Black Friday figures boost holiday-spending hopes

November 29, 2011

| MoneyRates.com Senior Financial Analyst, CFA

Christmas came early for retailers this year, in the form of sharply higher sales over the Black Friday weekend. National Retail Federation (NRF) figures indicate spending over the four-day period beginning with Thanksgiving reached $52.4 billion--an all-time high and a 16 percent increase over last year.

While it's too soon to say whether this spending trend will continue through December, the numbers fed hopes that a strong holiday spending season could deliver a much-needed boost to the U.S. economy.

Black Friday retail numbers

This trend toward more shopping activity seems to have had both breadth and depth: breadth, in that record numbers of consumers participated, with over 226 million people shopping during the Black Friday weekend, and depth, in that individual consumers spent more on average. The NRF found that the average shopper spent $398.62 this Black Friday weekend, which is 9.1 percent more than last year's average.

While in-store promotions made headlines, much of the activity took place online. IBM released tracking data from 500 retailers that showed online sales up by 39.3 percent on Thanksgiving and 24.3 percent on Black Friday.

Will it last?

The record shopping figures for the Black Friday weekend are a great start, but they do not guarantee a successful holiday shopping season.

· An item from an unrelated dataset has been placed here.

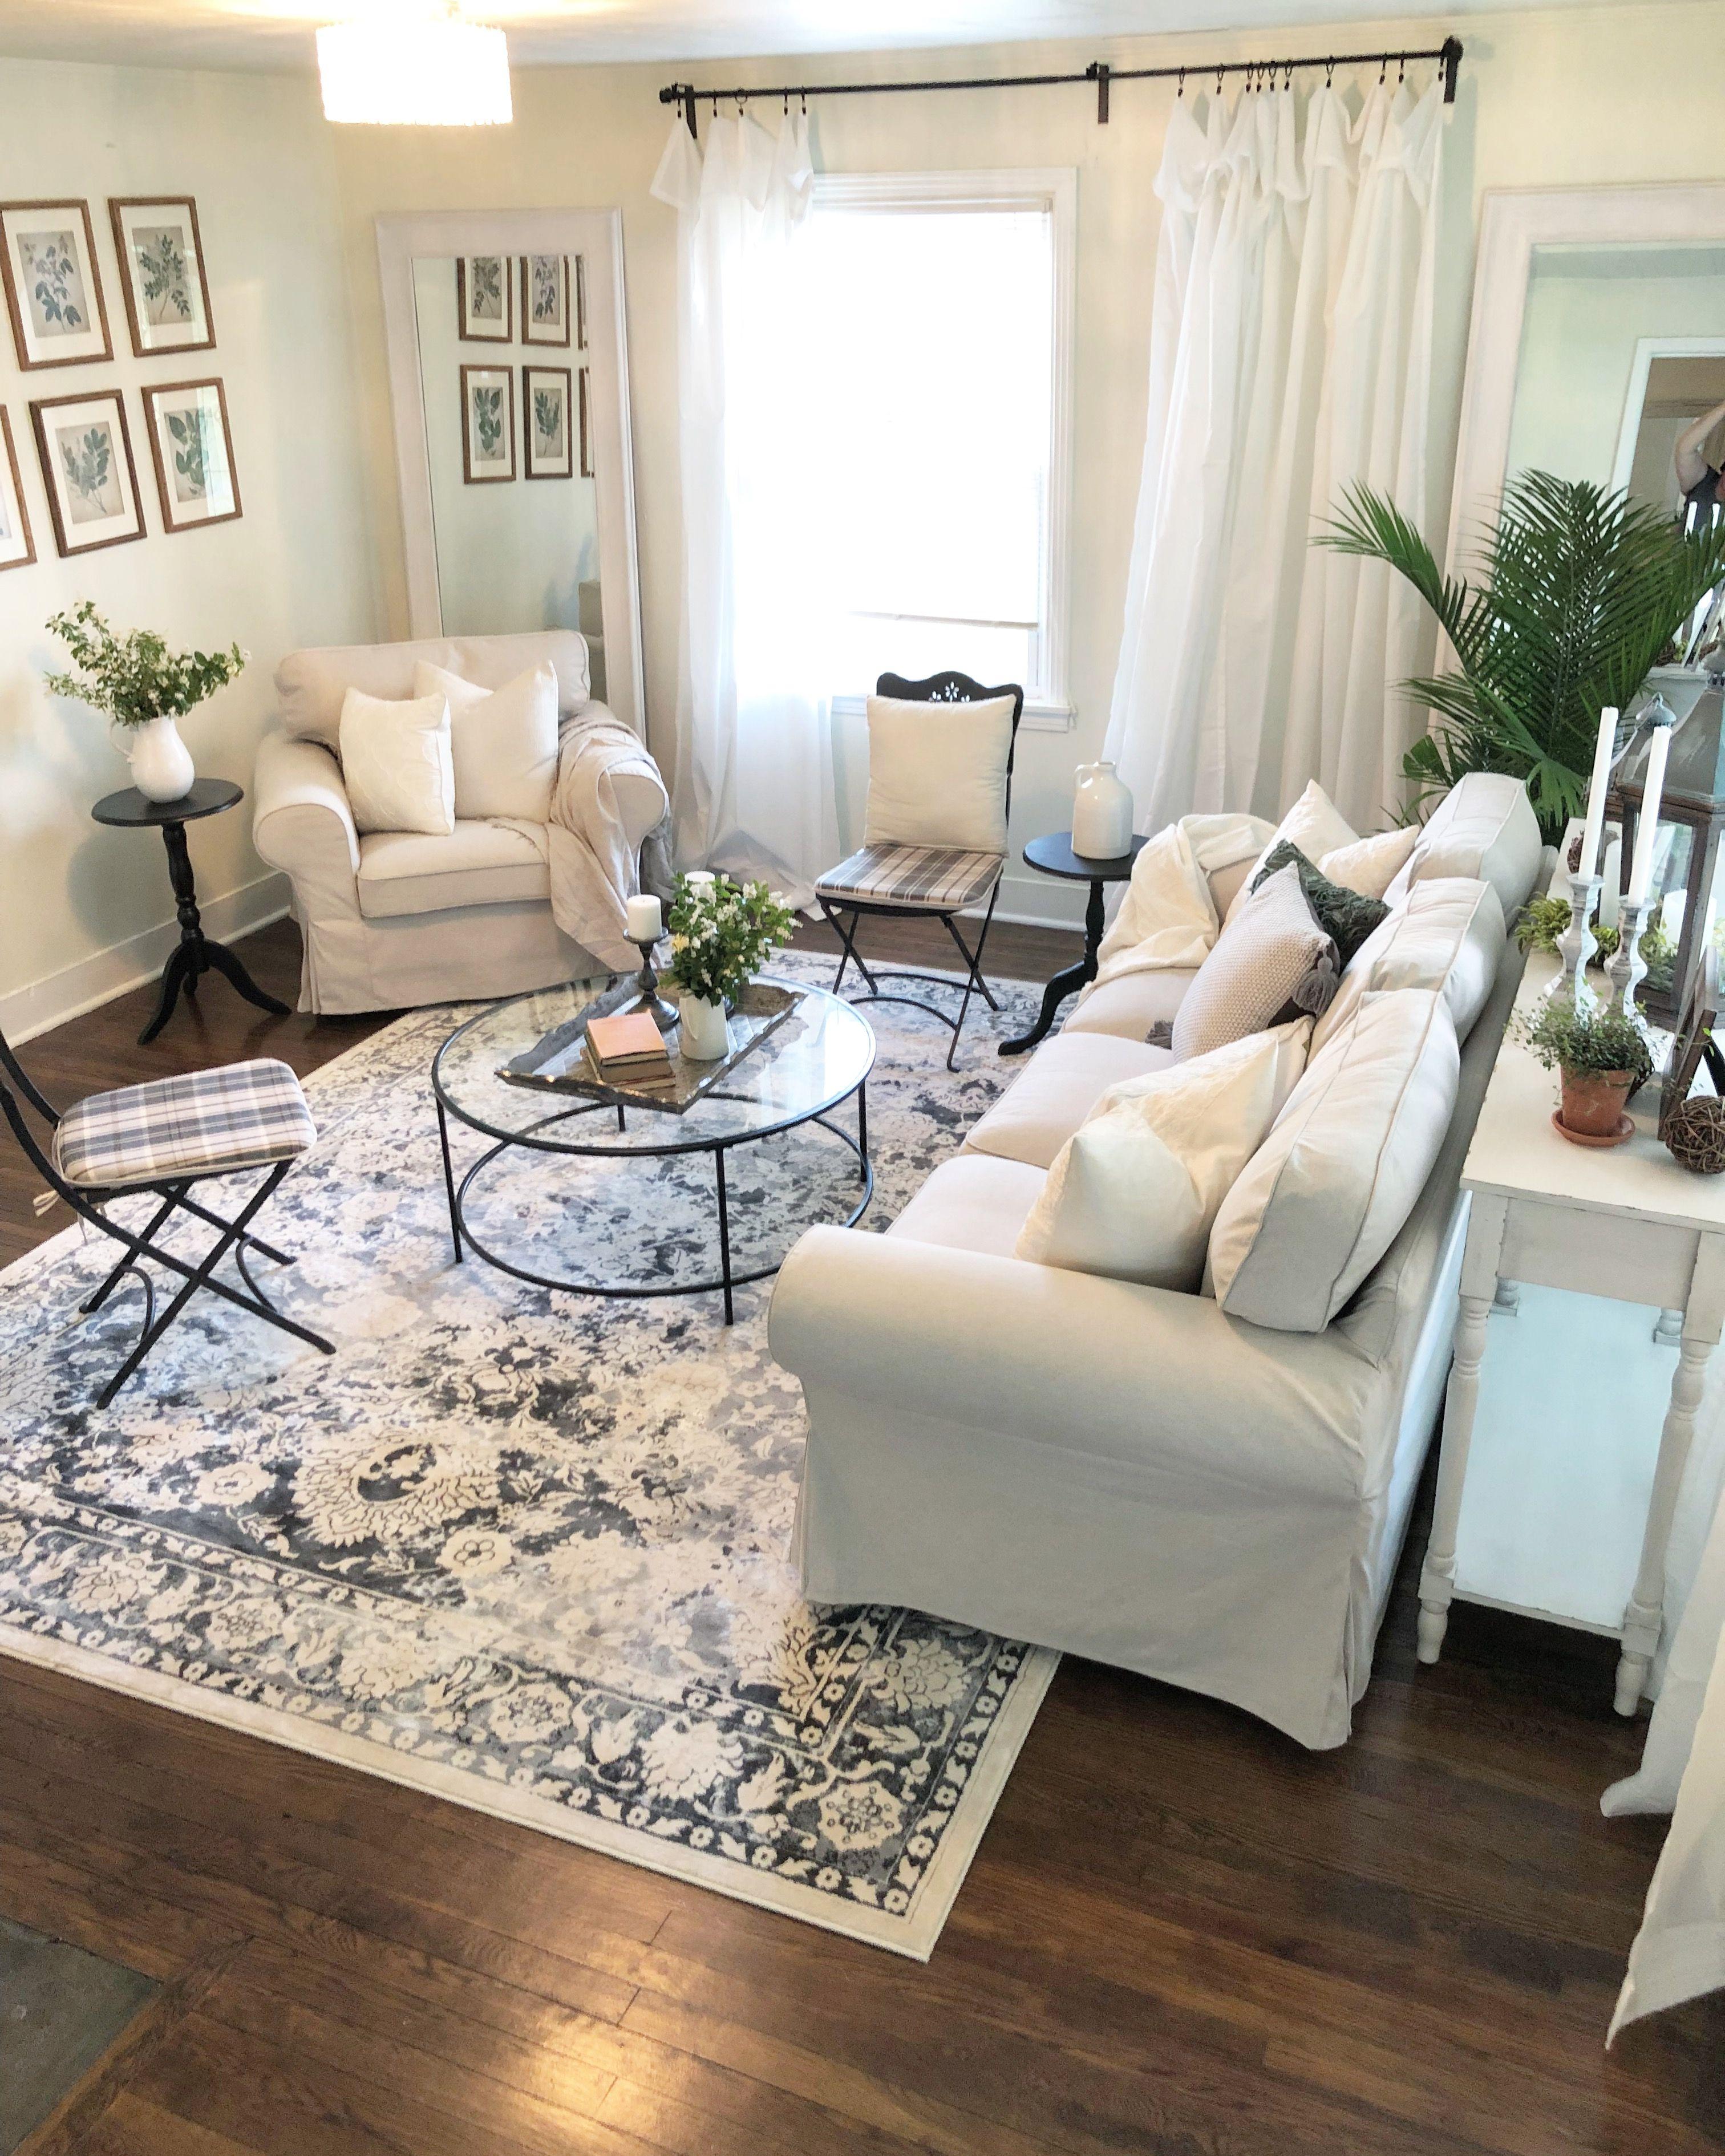 31+ Farmhouse living room set ideas in 2021

Aggressive Black Friday promotions--many of which were especially aggressive this year--can sometimes front-load the shopping season, so that some of the activity seen on the first weekend simply detracts from spending later in the season.

The question, then, is whether the promise of the Black Friday weekend can be sustained. High unemployment continues to be a drag on consumer potential, but on the plus side, household debt service burdens have dropped to their lowest levels since 1994.

The impact on savings account rates

Improved economic activity can set the stage for higher savings account interest rates in a few different ways. A stronger economy would allow the Federal Reserve to back off from its low interest rate policies. The financial markets often respond to optimism about the economy by driving bond yields higher. Finally, stronger consumer spending could revive bank lending, giving banks more incentive to offer higher interest rates to attract the deposits that could help fund their loans.

Black Friday weekend may be the kickoff to the most important period of the year for retailers, but the weekend's promising activity needs to be sustained in the weeks ahead in order to get the economy, and savings account rates, moving again. Still, at a time when markets were reeling from discouraging news on European debt and Washington discord, last weekend's retail boost is a significant sign of hope.